8.  Ignoring Employee Health Issues

Multiple laws can be implicated when an employee identifies a health issue: 

  • The Americans with Disabilities Act (“ADA”) – affects companies with 15 or more employees and prohibits:
    • Discrimination against people with “disabilities” (as defined by law), as well as people who are deemed “regarded as” disabled.
    • Discrimination against someone who is associated with a disabled person (such as a spouse or parent).

Additionally, the ADA requires employers to make “reasonable accommodations” for individuals with disabilities, which may include medical leave.

This law It also provides rules dictating when an employer can request medical information or require an employee to undergo a medical exam or inquiry.

  • The Rehabilitation Act – smaller businesses may that do not fall within the ADA’s reach may still be subject to this law if they receive federal funding.
  • Family and Medical Leave Act (“FMLA”). Companies with 50 or more employees have additional responsibilities under the FMLA to provide up to 12 weeks of medical leave for qualifying health conditions and/or to care for someone else. 
  • Workers compensation – most states require employers to have workers compensation insurance to cover for on-the-job injuries or illnesses.
  • Short and/or long-term disability  – if a company offers these benefits, it will be important to understand what events will trigger coverage.

9.  Allowing Human Resources to Handle Legal Matters

Certainly, a HR department should be able to adequately handle certain “routine” matters (separation paperwork, investigating complaints, responding to unemployment claims where an employee quit, etc.). However, it is not advisable to have HR address any contested legal issues with a current or former employee.
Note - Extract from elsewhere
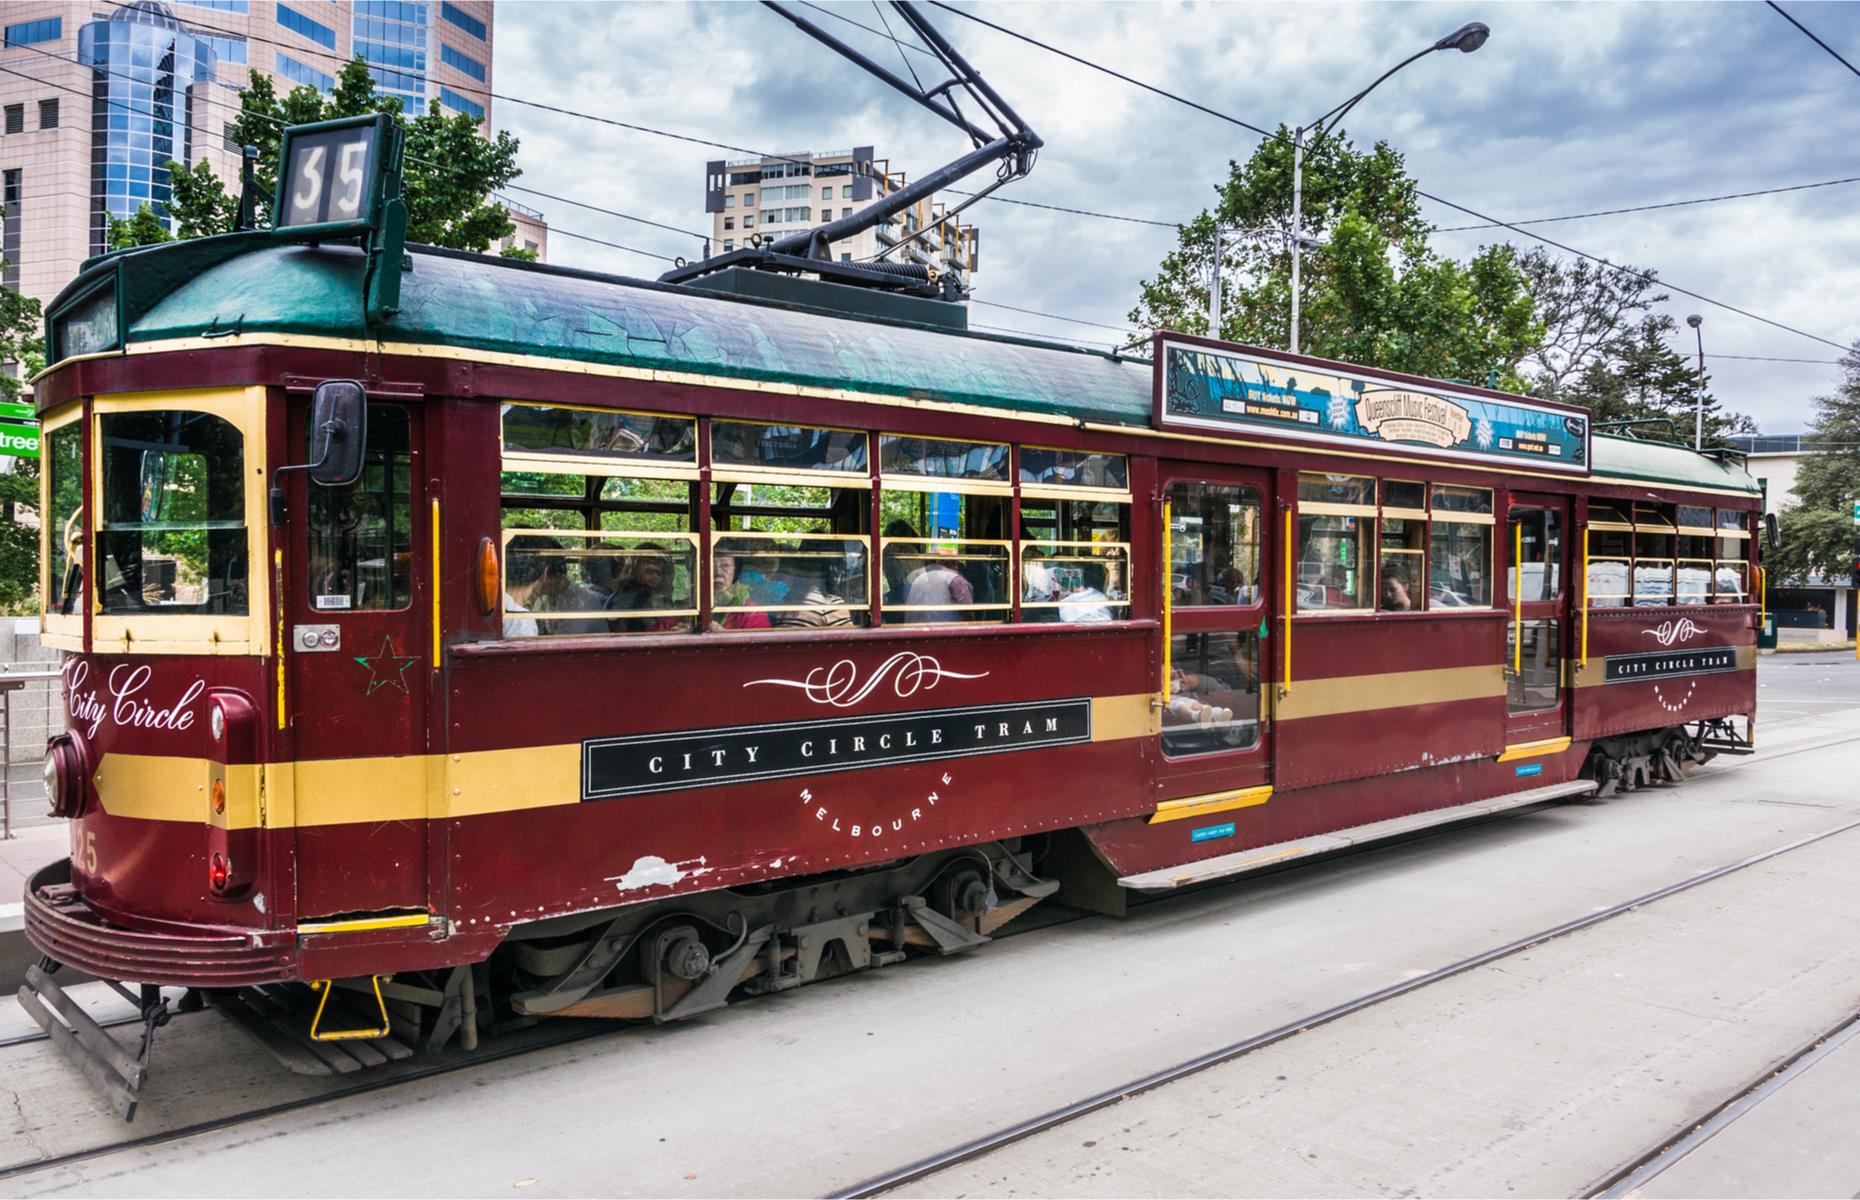 <p>Explore the big-hitting sights of Victoria’s capital in suitable style aboard a vintage W-class tram. You can hop on and off the <a href="https://www.ptv.vic.gov.au/route/1112/35/">City Circle Tram</a> (route number 35) on its journey around Melbourne’s centre for free. Or stay on for the full 60-minute tour to listen to the audio commentary. You’ll hear about the city's major attractions, including the Docklands, Federation Square with its galleries and restaurants, SEA Life Melbourne Aquarium and the landmark Princess Theatre. Better still, some of these are also free!</p>

  • Example 1:  Someone handling HR issues sends a response to a demand letter or EEOC Charge.  Any erroneous statements in that response can carry through to subsequent legal proceedings, leaving the company stuck in an unwanted legal position if the claim proceeds further.
  • Example 2: If a former employee is arguing unlawful termination in a Department of Labor unemployment case, any information provided in that matter could be used against the company in a subsequent proceeding (such as an EEOC Charge or lawsuit). For these reasons, it is wise to retain an experienced employment attorney early in the process, as it can save time and money in the long run!

10. Not Seeking Legal Advice

Not many people “want” to call a lawyer.  But spending a little up front to get some advice could save you from a legal claim that could lead your business into financial jeopardy.  It is essential to have someone to call when you are not sure how to handle a situation – whether it’s a contract issue, drafting company policies, what documents are needed when hiring employee, how to pay certain employees, or uncertainty about handling employee complaints, discipline and termination.

Moreover, if you receive a demand letter, lawsuit, EEOC charge or other notice of a claim, you should immediately have a lawyer evaluate the situation to assess the potential exposure and to avoid missing any deadlines. EEOC Charges and lawsuits can be expensive and take years to resolve, even if the company did nothing wrong! Likewise, unemployment claims should not be ignored, as successful claims will increase your business expenses and can be used against the company in other legal proceedings.